39.4.3.2 Two migrations with renaming (source vertices remapped)

\(n\) (vertices) fastest median mean
10 4.46 µs 4.71 µs 4.73 µs
50 20.7 µs 21.5 µs 21.5 µs

Renaming adds negligible overhead: the precomputed inverse maps resolve hyper-edge remapping in O(1) per entry.

39.4.3.3 Chain of 5 migrations composed sequentially

Each migration is an identity on a chain schema with \(n\) vertices.

\(n\) (vertices) fastest median mean
10 26.9 µs 27.7 µs 28.0 µs
50 125 µs 131 µs 131 µs

\(\approx 5\times\) the cost of a single two-way compose, confirming linear scaling in chain length.

39.4.4 lift_wtype — apply compiled migration to instance

39.4.4.1 Simple (5-node chain, identity)

fastest median mean iters/sample
2.85 µs 3.02 µs 3.05 µs 200

39.4.4.2 Contraction (10-node chain, keep 3)

fastest median mean iters/sample
1.55 µs 1.60 µs 1.61 µs 400

39.4.4.3 At scale

\(n\) (nodes) fastest median mean
100 47.1 µs 51.2 µs 51.5 µs
500 238 µs 259 µs 264 µs

At 500 nodes: \(259\;\mu\text{s} \div 500 = 518\;\text{ns/node}\) = 1.93M nodes/sec. This includes the full pipeline: migration compilation lookup, fused restrict BFS, node remapping, arc construction, and WInstance output allocation.

39.5 Lens layer (panproto-lens)

39.5.1 get_identity_lens — forward direction (no complement)

Identity lens on a wide tree with \(n\) fields. All nodes survive; complement is empty.

\(n\) (fields) nodes fastest median mean
5 6 3.17 µs 3.29 µs 3.47 µs
20 21 11.7 µs 12.1 µs 12.8 µs
50 51 26.3 µs 27.1 µs 27.6 µs

39.5.2 get_projection_lens — forward direction (large complement)

Projection lens keeping only 2 of \(n\) fields. Complement stores \(n - 2\) dropped nodes.

\(n\) (fields) kept dropped fastest median mean
10 2 8 3.58 µs 3.75 µs 3.79 µs
50 2 48 13.3 µs 13.6 µs 13.7 µs

Projection is faster than identity because the output tree is smaller (fewer nodes to allocate), even though the complement capture adds work.

39.5.3 get_then_put_round_trip — full bidirectional cycle

Identity lens: getput → verify restored. Exercises both directions.

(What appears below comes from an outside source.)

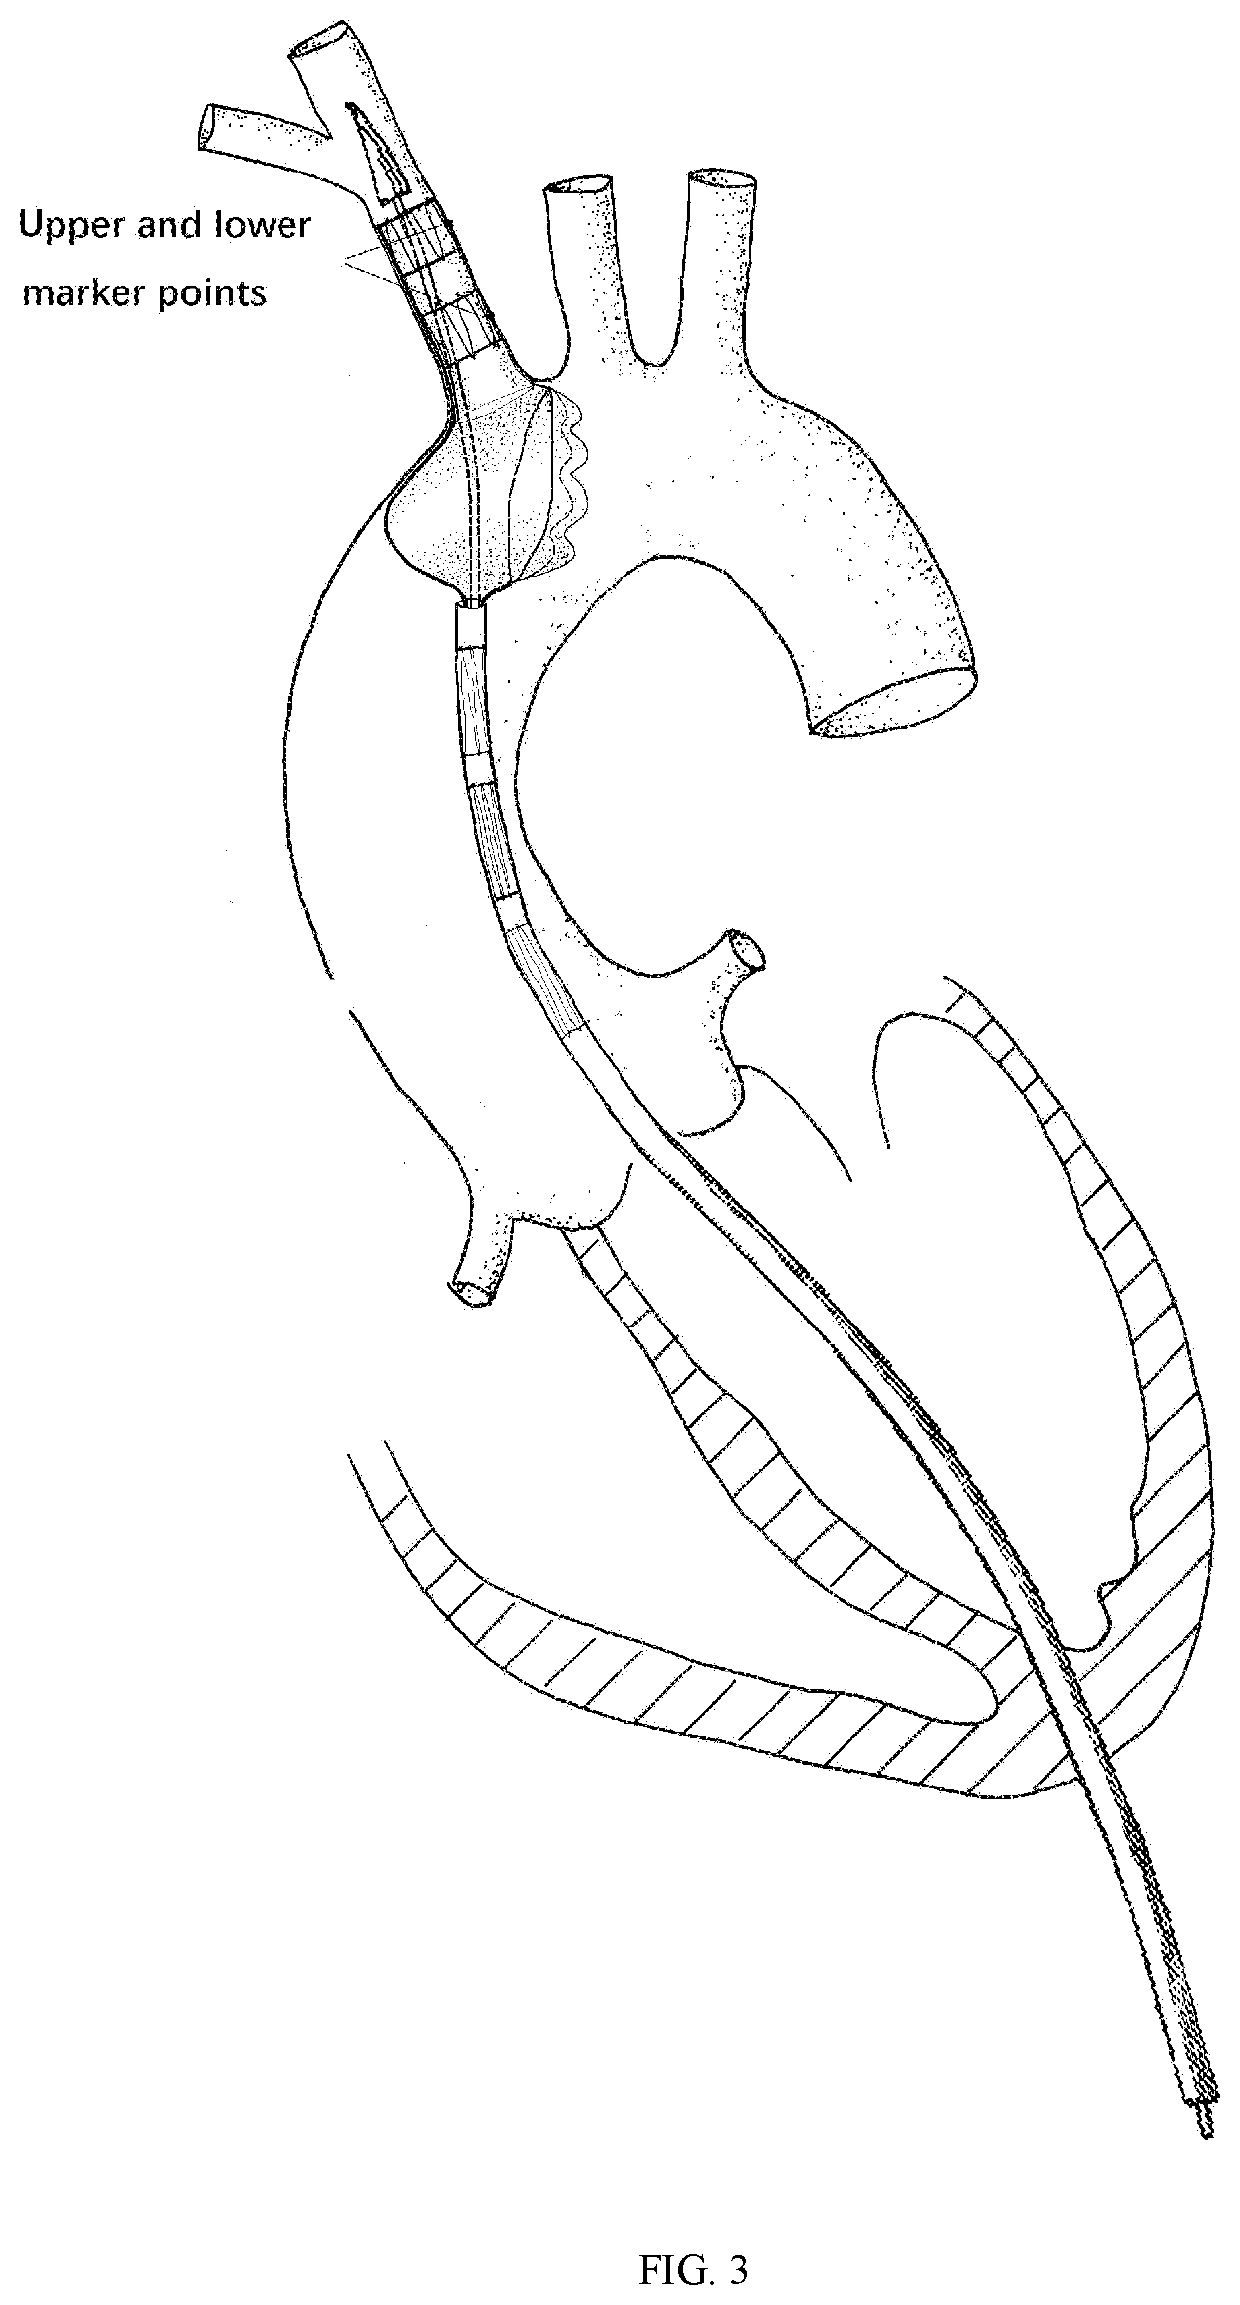 A transapical anatomical stent to repair ascending aorta and hemi arch

\(n\) (fields) fastest median mean
5 6.00 µs 6.17 µs 6.27 µs
20 22.2 µs 23.2 µs 23.9 µs
50 50.7 µs 51.8 µs 54.2 µs

put costs \(\approx 1.5\times\) get because it must merge the complement (dropped nodes, dropped arcs, contraction choices) back into the view.

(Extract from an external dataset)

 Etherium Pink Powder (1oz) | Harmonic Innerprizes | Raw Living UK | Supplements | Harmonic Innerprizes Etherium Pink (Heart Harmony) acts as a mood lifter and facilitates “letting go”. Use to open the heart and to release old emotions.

39.5.4 get_then_put_projection — bidirectional with large complement

Projection lens keeping 2 of \(n\) fields. The complement carries the bulk of the data.

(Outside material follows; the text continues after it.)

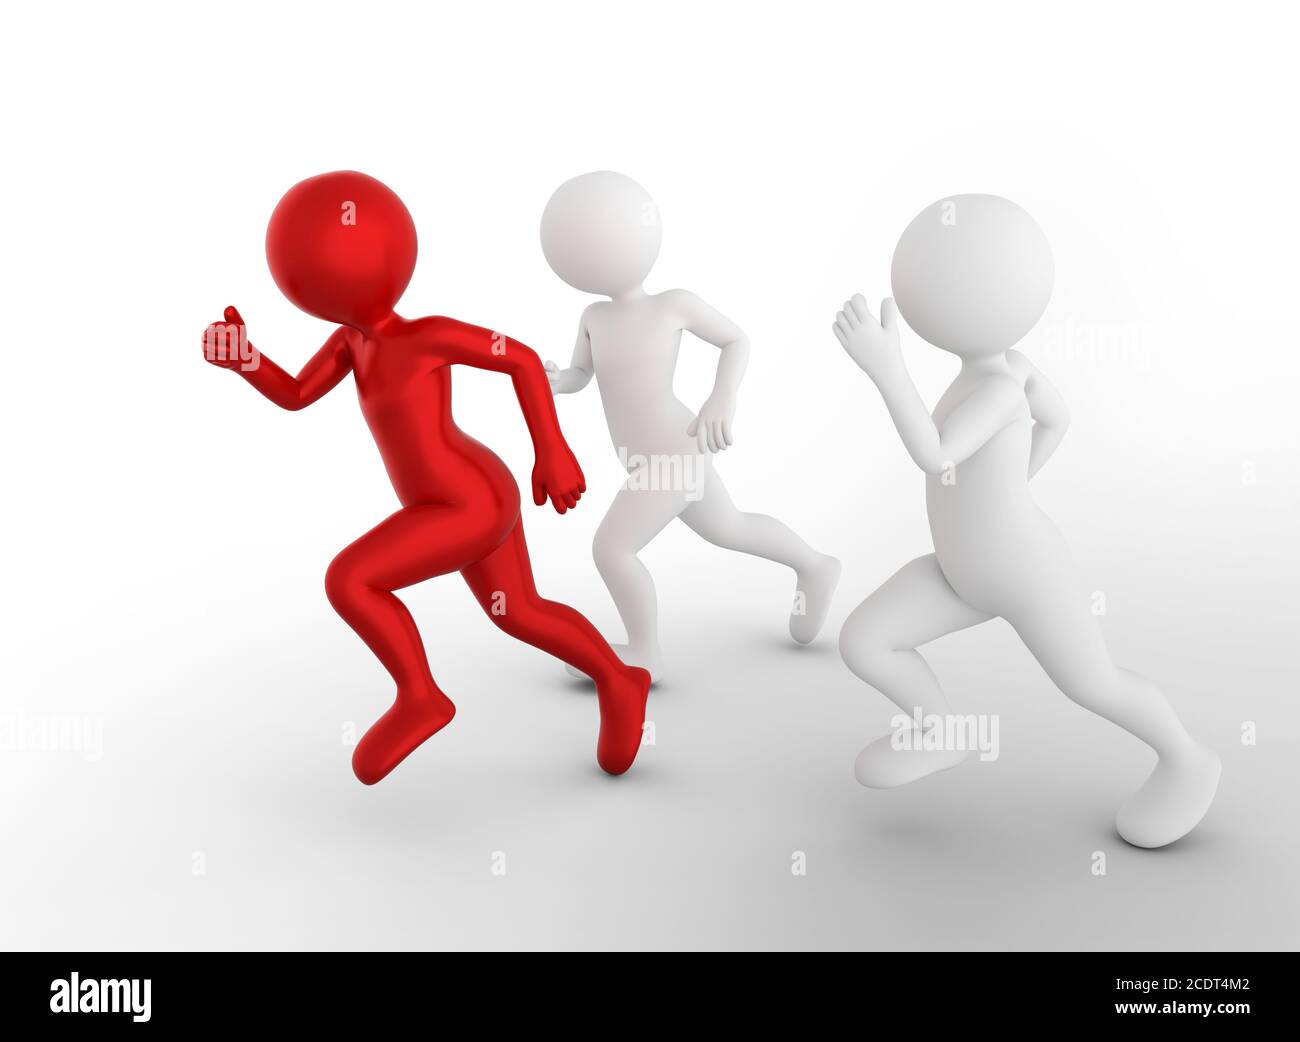 Running to be the first and win. Toon men compete, conceptual Stock Photo

\(n\) (fields) fastest median mean
10 8.17 µs 8.37 µs 8.48 µs
50 33.1 µs 34.3 µs 35.0 µs

39.6 Derived throughput summary

Operation Scale Throughput
find_sort (O(1) index) 10–500 sorts 145–210M lookups/sec
parse_json (flat) 50 fields 1.69M fields/sec
wtype_restrict (deep chain) 100 nodes 2.04M nodes/sec
lift_wtype (full pipeline) 500 nodes 1.93M nodes/sec
functor_restrict 500 rows 11.9M rows/sec
colimit 150 sorts 80K colimits/sec
compose (two migrations) 100 vertices 23.6K composes/sec
Lens round-trip (get + put) 50 fields 19.3K round-trips/sec

39.7 How to reproduce

# Run all benchmarks
cargo bench --workspace

# Run a specific crate's benchmarks
cargo bench -p panproto-gat
cargo bench -p panproto-inst
cargo bench -p panproto-mig
cargo bench -p panproto-lens

# Run a specific benchmark by name filter
cargo bench -p panproto-gat -- find_sort
cargo bench -p panproto-inst -- wtype_restrict_deep

All benchmarks use divan v0.1.21. Each benchmark runs 100 samples with auto-tuned iteration counts (shown in the iters/sample column). Results include fastest, slowest, median, and mean.